*PROBLEM REQUIREMENTS*: Output all of the data exactly, keeping any images out of the copy.

*SUPPLIED DATA*:

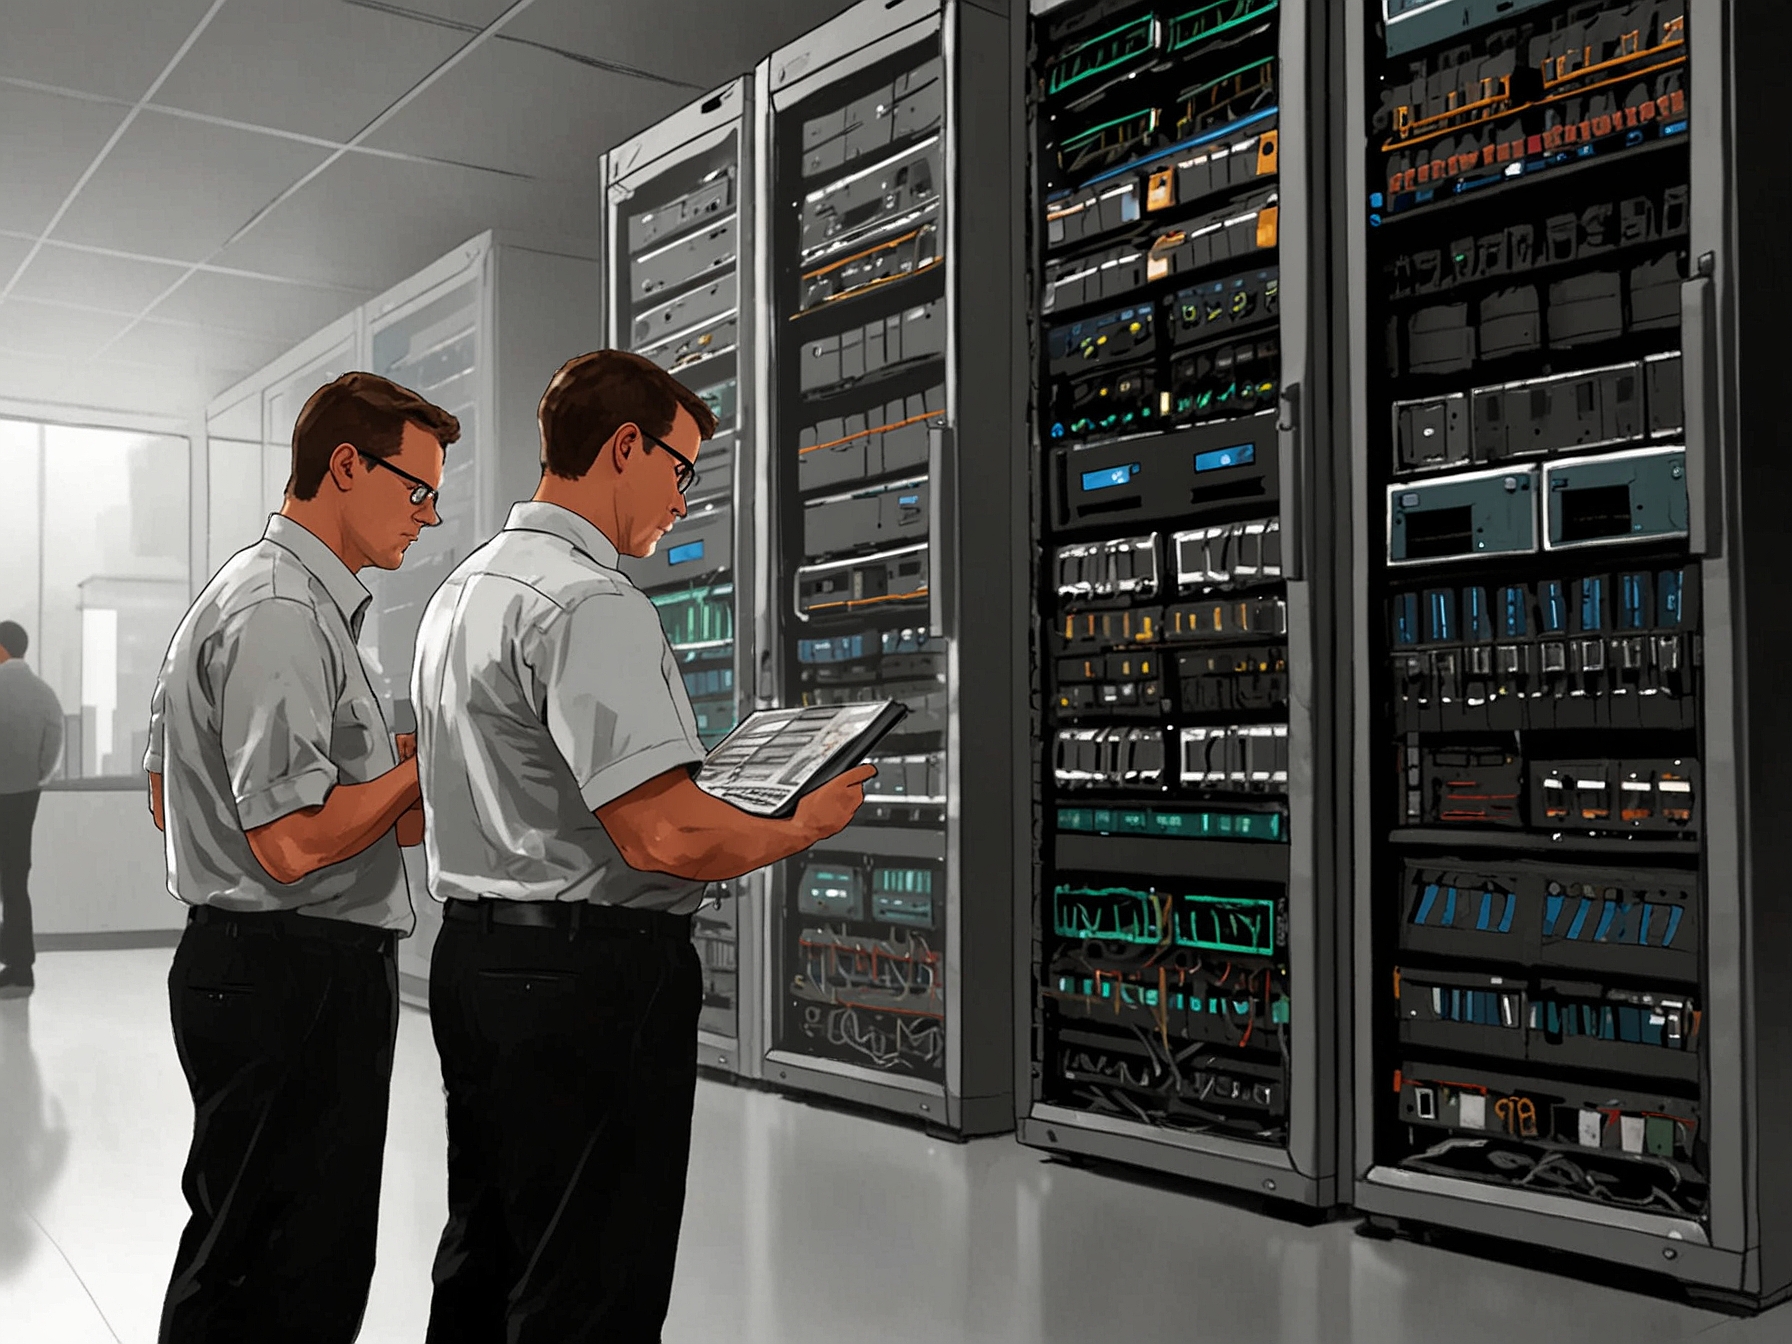 Technicians inspecting server racks and IT infrastructure, emphasizing the importance of disaster recovery plans and robust digital systems for car dealerships.
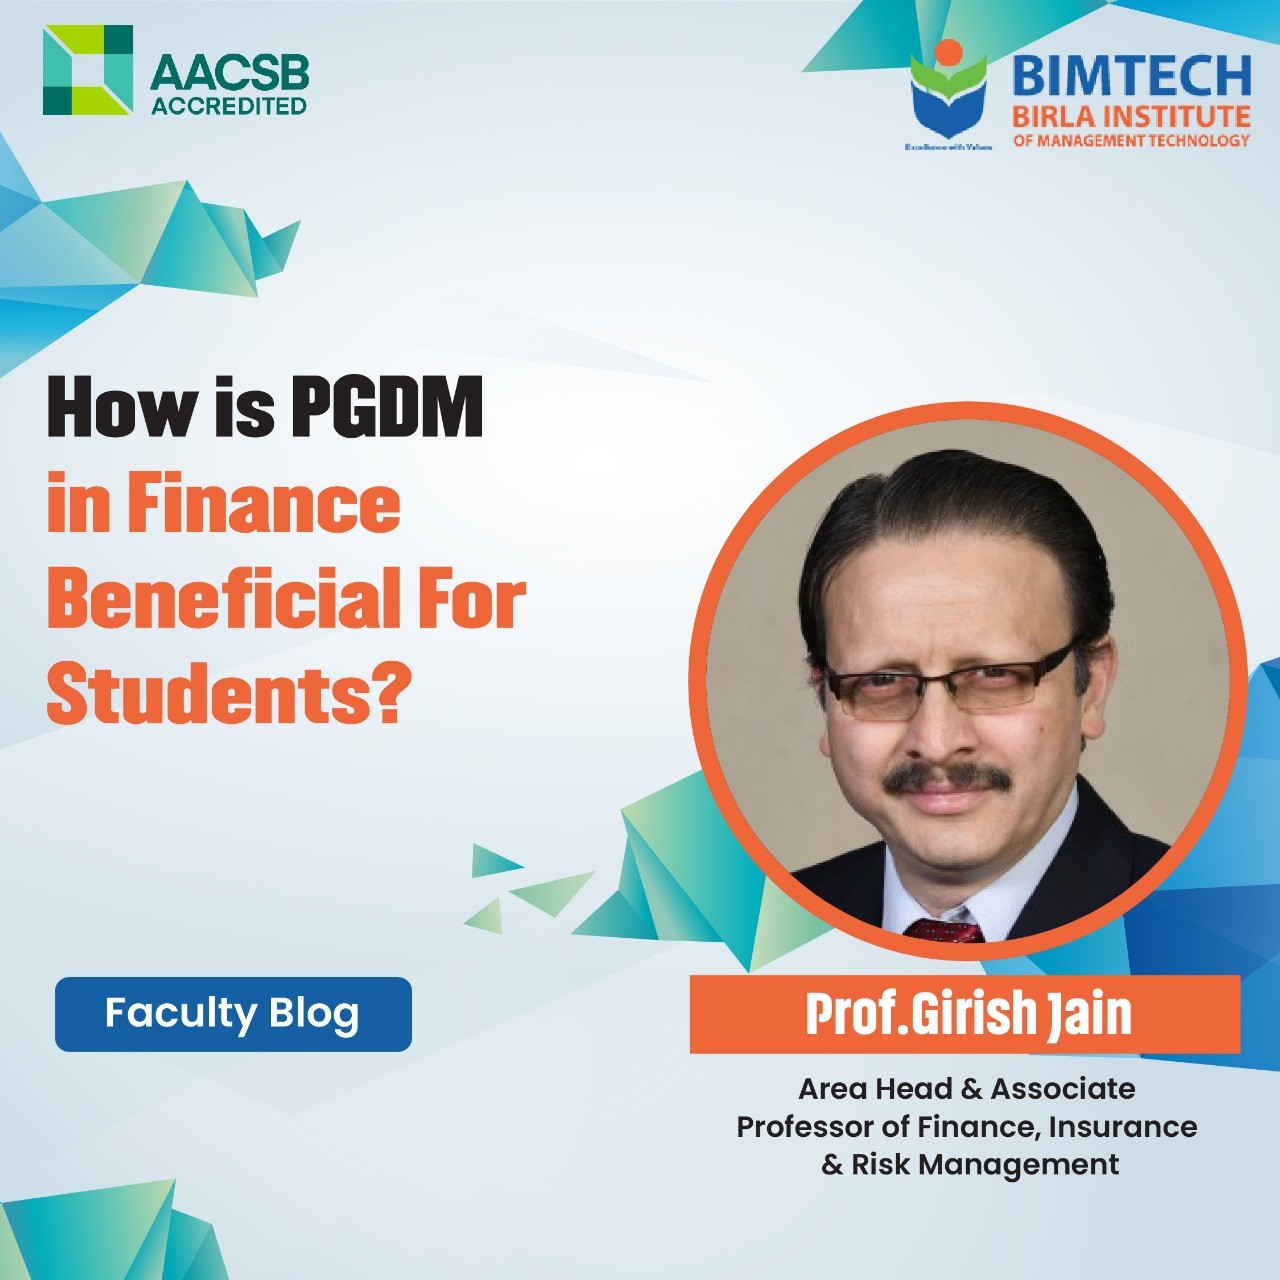 How is PGDM in Finance Beneficial for Students?
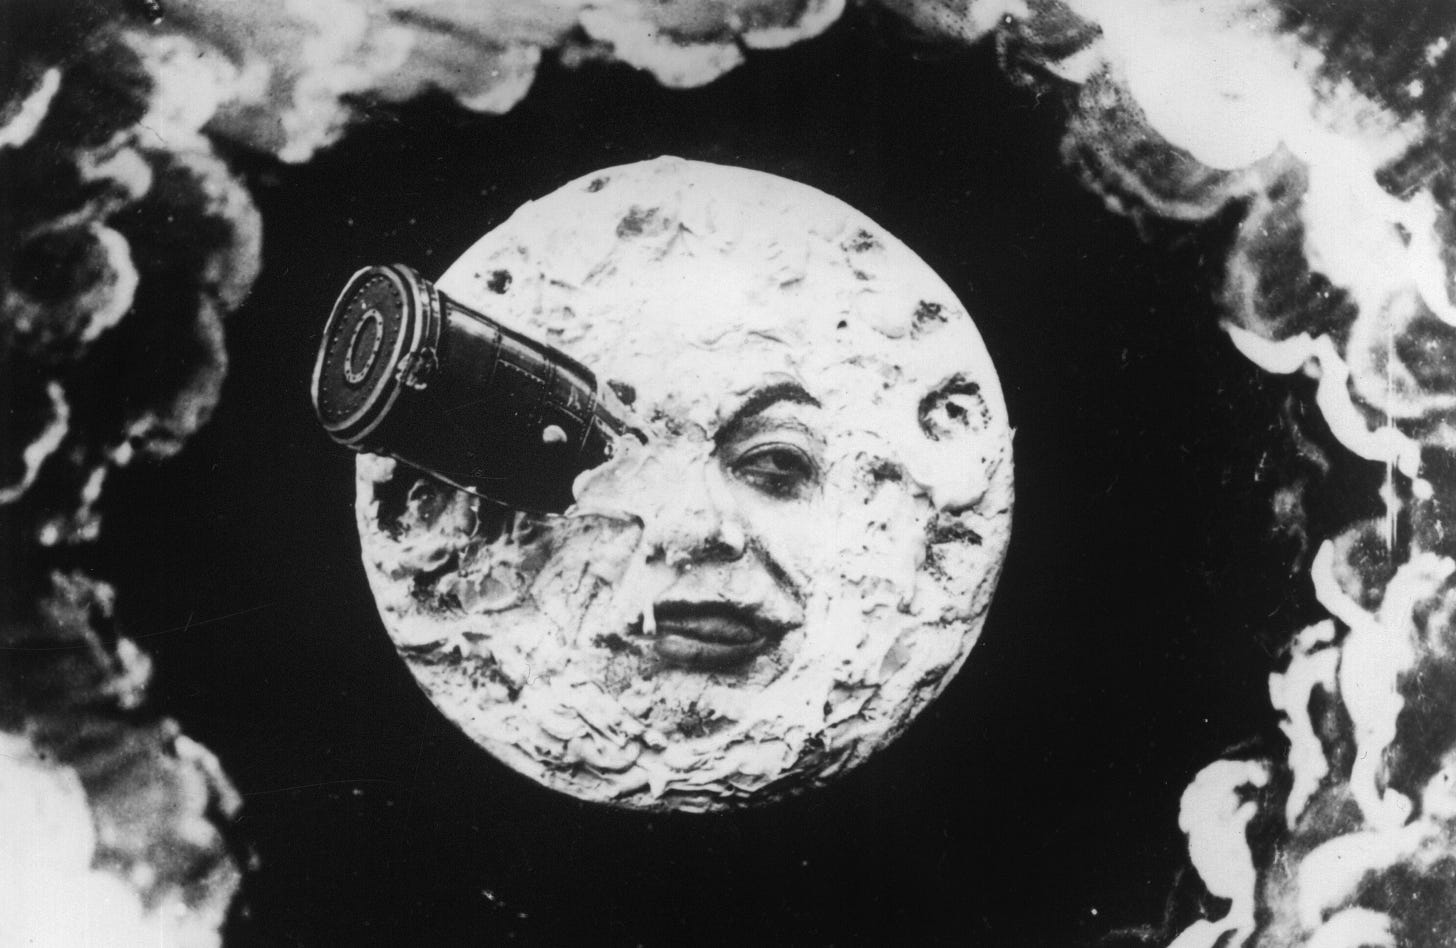 still from a trip to the moon, a moon with a human face and a can in its eye

*YOUR RESPONSE*:
 Technicians inspecting server racks and IT infrastructure, emphasizing the importance of disaster recovery plans and robust digital systems for car dealerships.
 How is PGDM in Finance Beneficial for Students?
 still from a trip to the moon, a moon with a human face and a can in its eye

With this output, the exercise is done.